Ballistic performance
| Bullet mass/type | Velocity | Energy |
| 7.7 gr (0.49895 g) Sellier & Bellot lead BB | 280 m/s (918.6 ft/s) | 20 J (15 ft⋅lbf) |  |

= 4 mm Flobert Short =

Rimfire cartridge

The 4mm Randz Court or 4mm Flobert Short cartridge is a rimfire cartridge that uses only mercury as a propellant. It is one of the smallest rimfire cartridges in the world and is used only in Europe.
==Development==
Developed in 1842 by French gunsmith Nicolas Flobert, the 4mm Randz Court is one of the oldest rimfire cartridges still in production. It uses a 7.7-grain lead shot. While not exactly 4mm, it is actually 4.5mm in diameter and produces an impact energy of less than 30 joules, which is why many European Union regulations are quite permissive regarding its use.

=== Zimmerstutzen ===
Its origins date back to the 1840s, when Karl Fedor Horrmann decided to use percussion caps to propel small-caliber projectiles. It was not until the late 1800s and early 1900s that gunsmiths Fischer, Lorenz Dieter, and Carl Stiegele—working independently of one another—each created their own systems for firing round projectiles powered by percussion caps. Since metal machining techniques of that era lacked precision, Carl Stiegele devised a sizing chart in 1903 ranging from number 1 to number 24, with number 1 corresponding to a 4.04 mm shot and number 24 to a 5.45 mm caliber.
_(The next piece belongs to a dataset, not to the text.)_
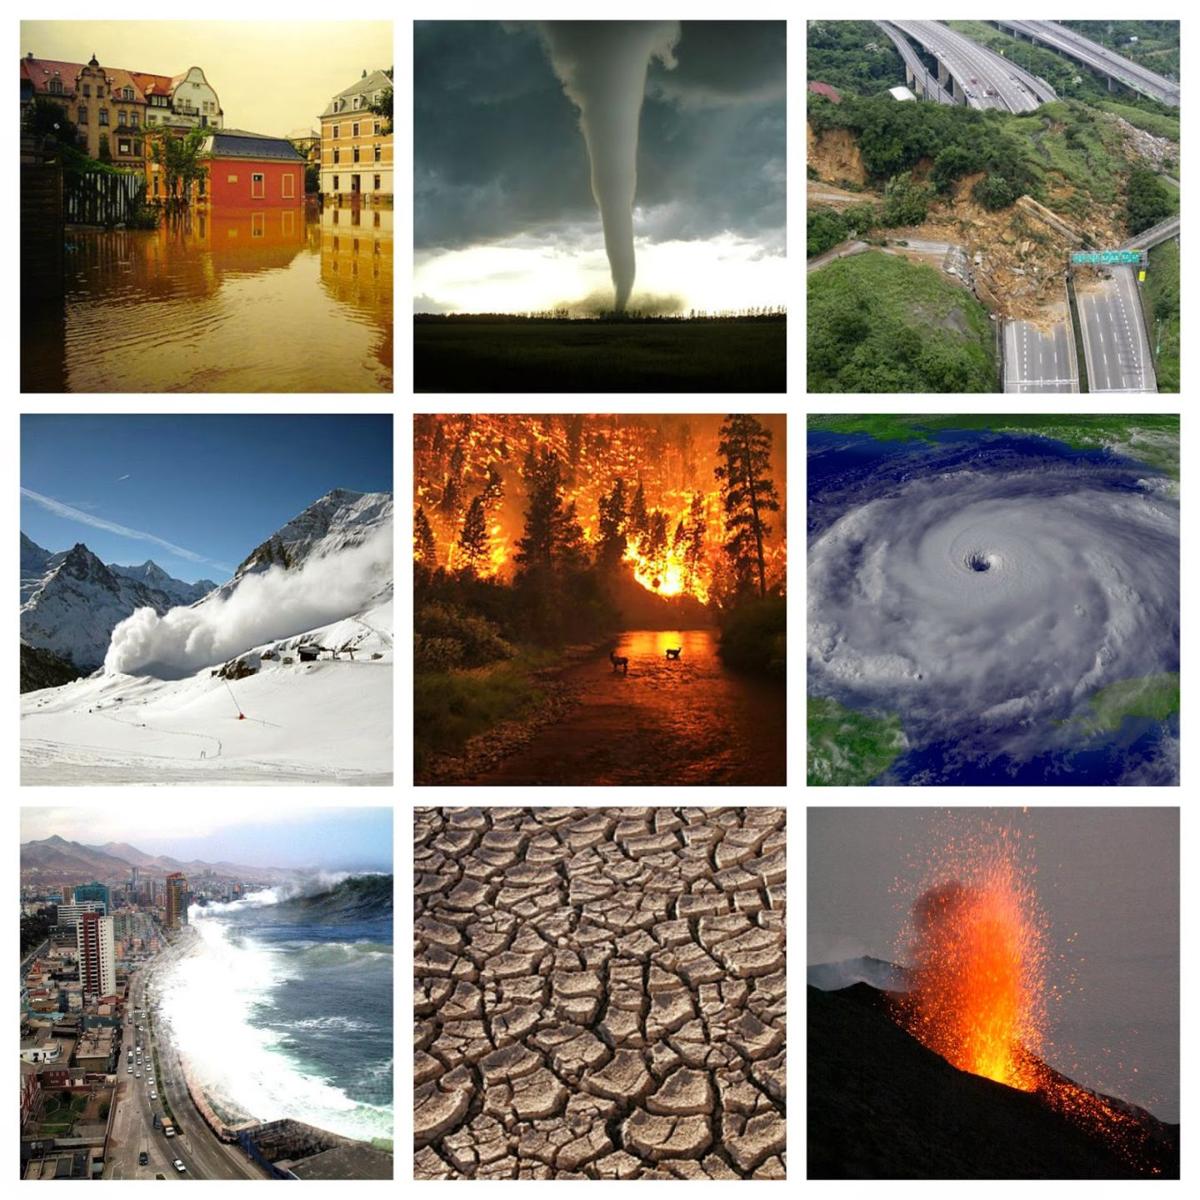 Resultado de imagen para natural disasters collage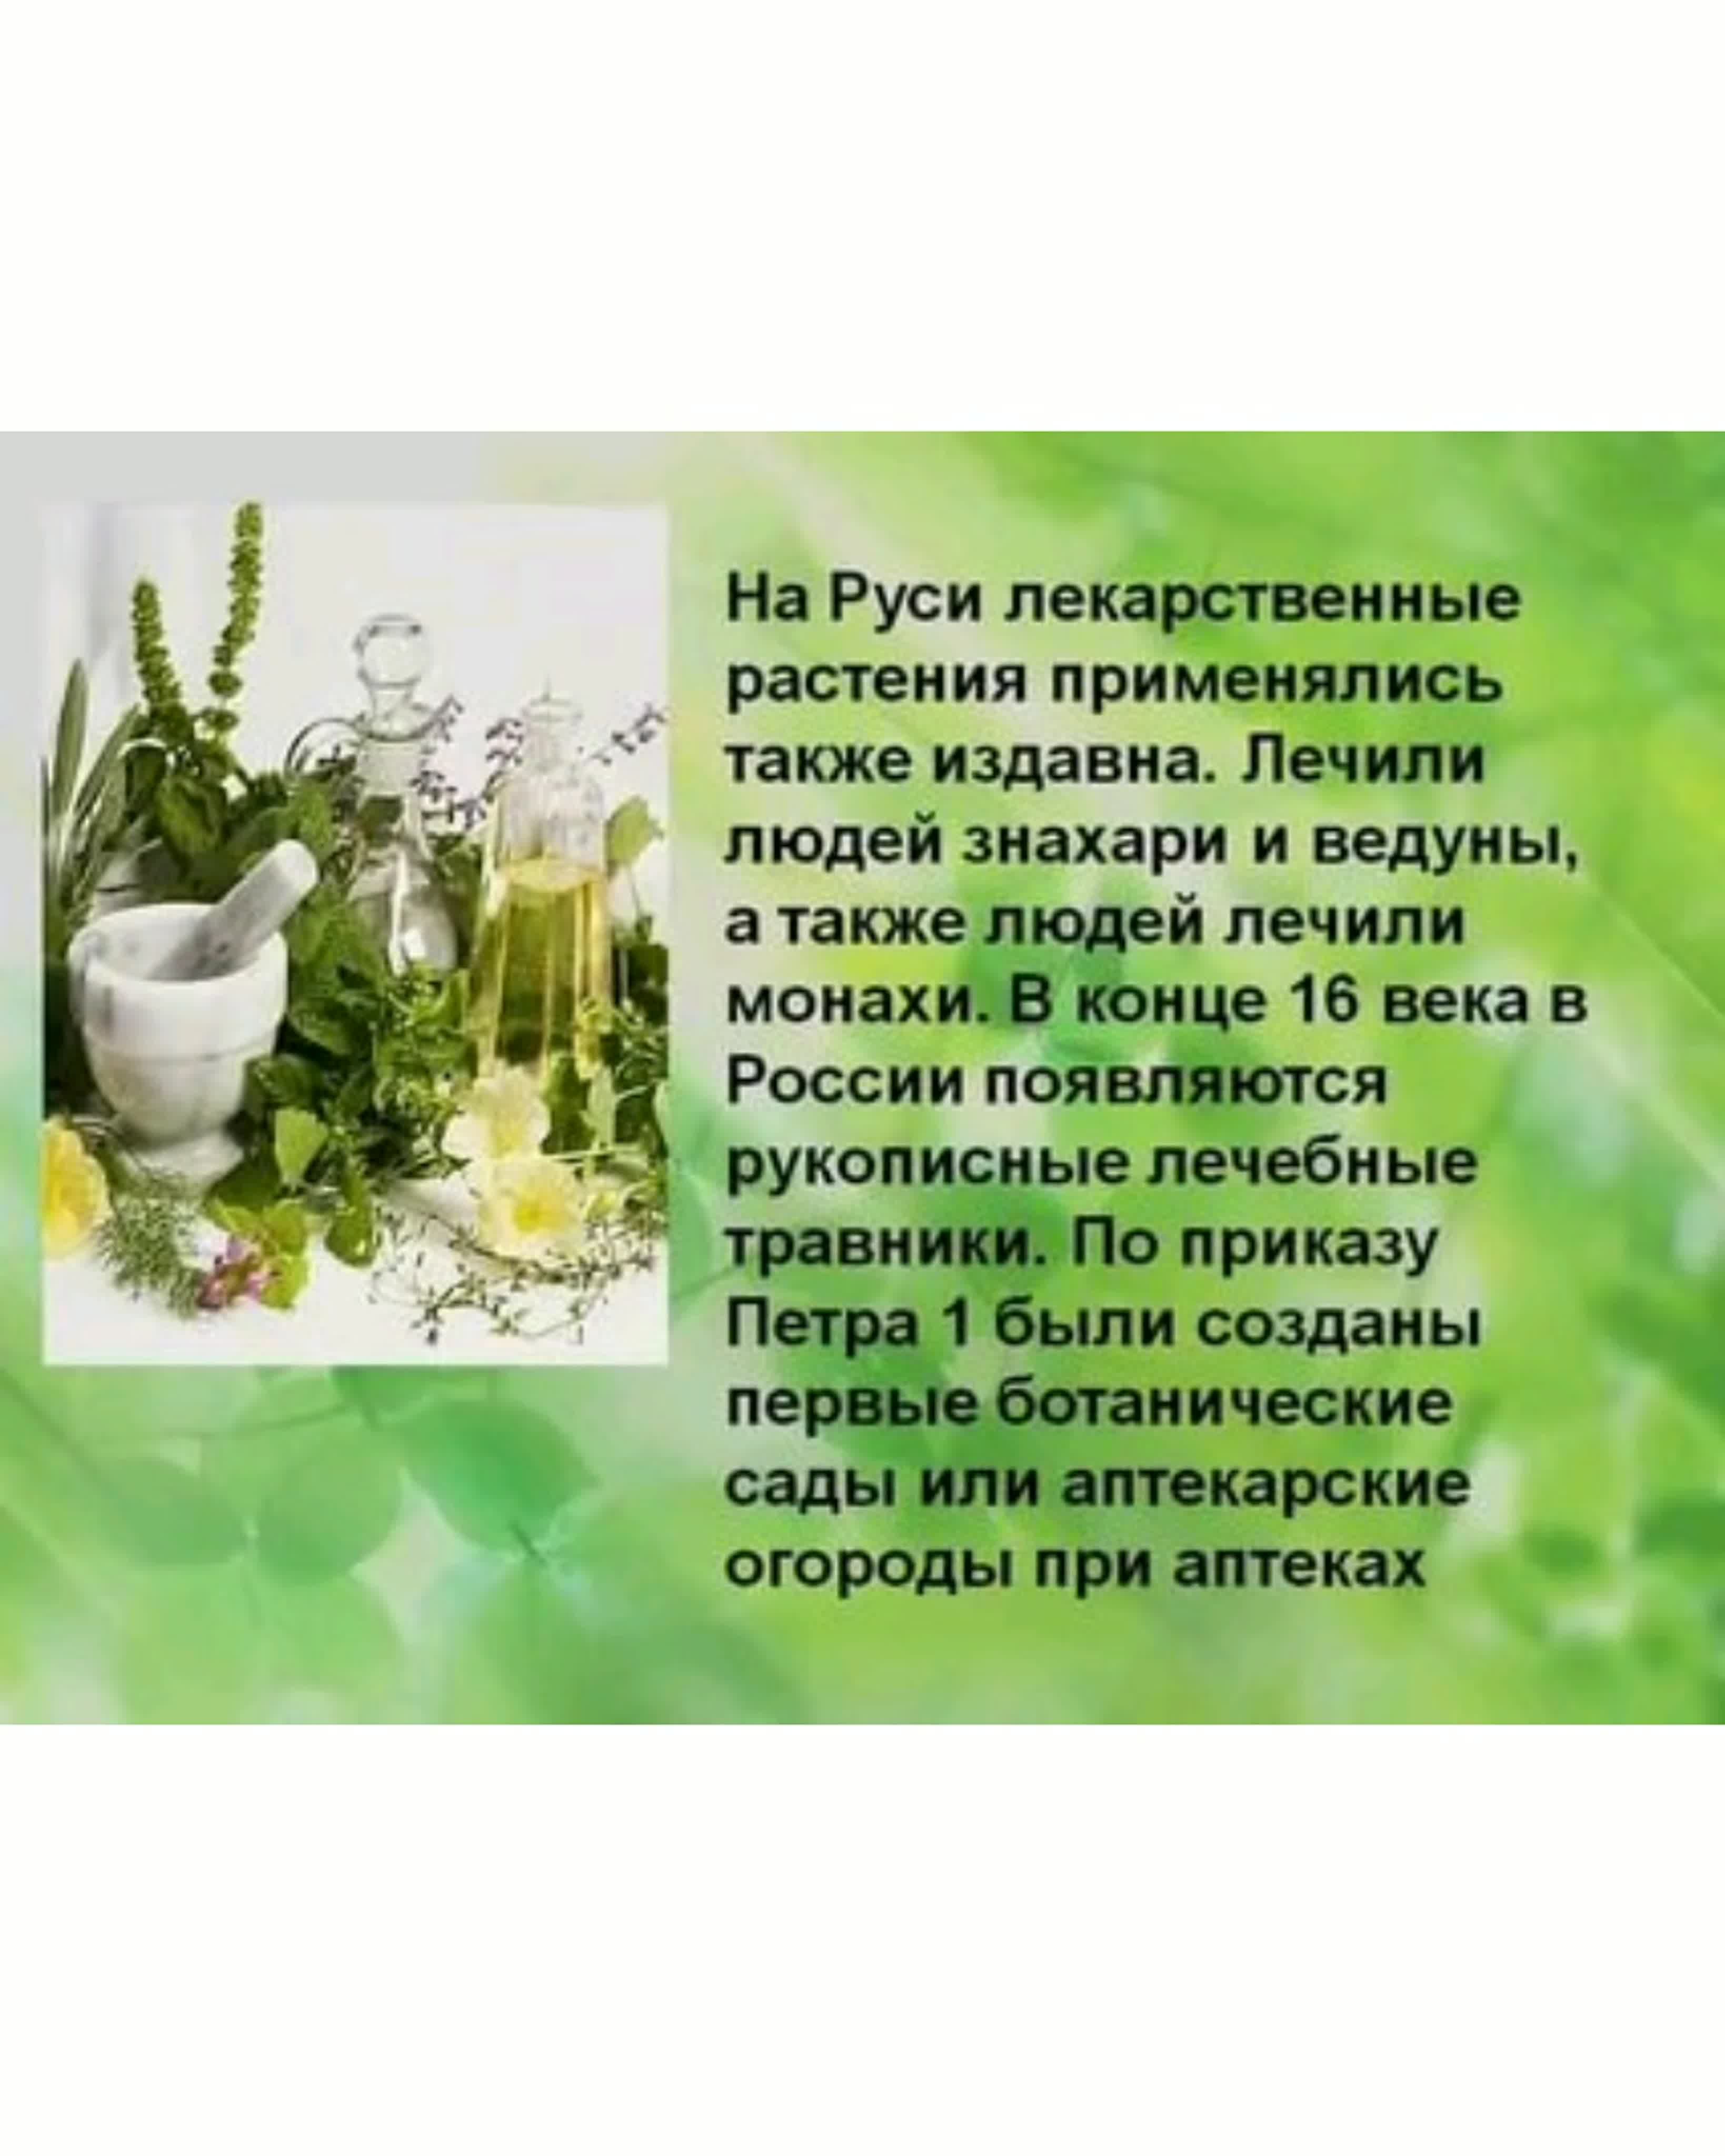 Лекарственные растения презентация

Based on this chart, Carl Stiegele manufactured his barrels, subsequently stamping each with the corresponding shot number. The chart was adopted by other manufacturers in 1910, and the current standard was modified in 1912, wherein #1 represents 4.00 mm and #24 represents 5.15 mm.

Currently, Zimmerstutzen remains a traditional competitive discipline in which the use of standard 4mm Randz Kurz and 4mm Randz Lang ammunition—featuring their respective 7.7-grain projectiles (formerly #7, now #9)—is permitted. Alternatively—given that vintage rifles are still utilized in this discipline—one may opt to use a projectile-less version of the aforementioned cartridges and separately insert a shot pellet of up to 4.75 mm (formerly #12, now #16); this practice is similar to the munisalva rounds, popular in Mexico.

==Versions and use==
There is a version with a case lengthened by 2 millimeters, developed by RWS. This version, called the 4mm Randz Long or 4mm Flobert Long Case, also uses the same projectile as the Randz Court and is powder-free. It also produces an impact energy of less than 30 joules.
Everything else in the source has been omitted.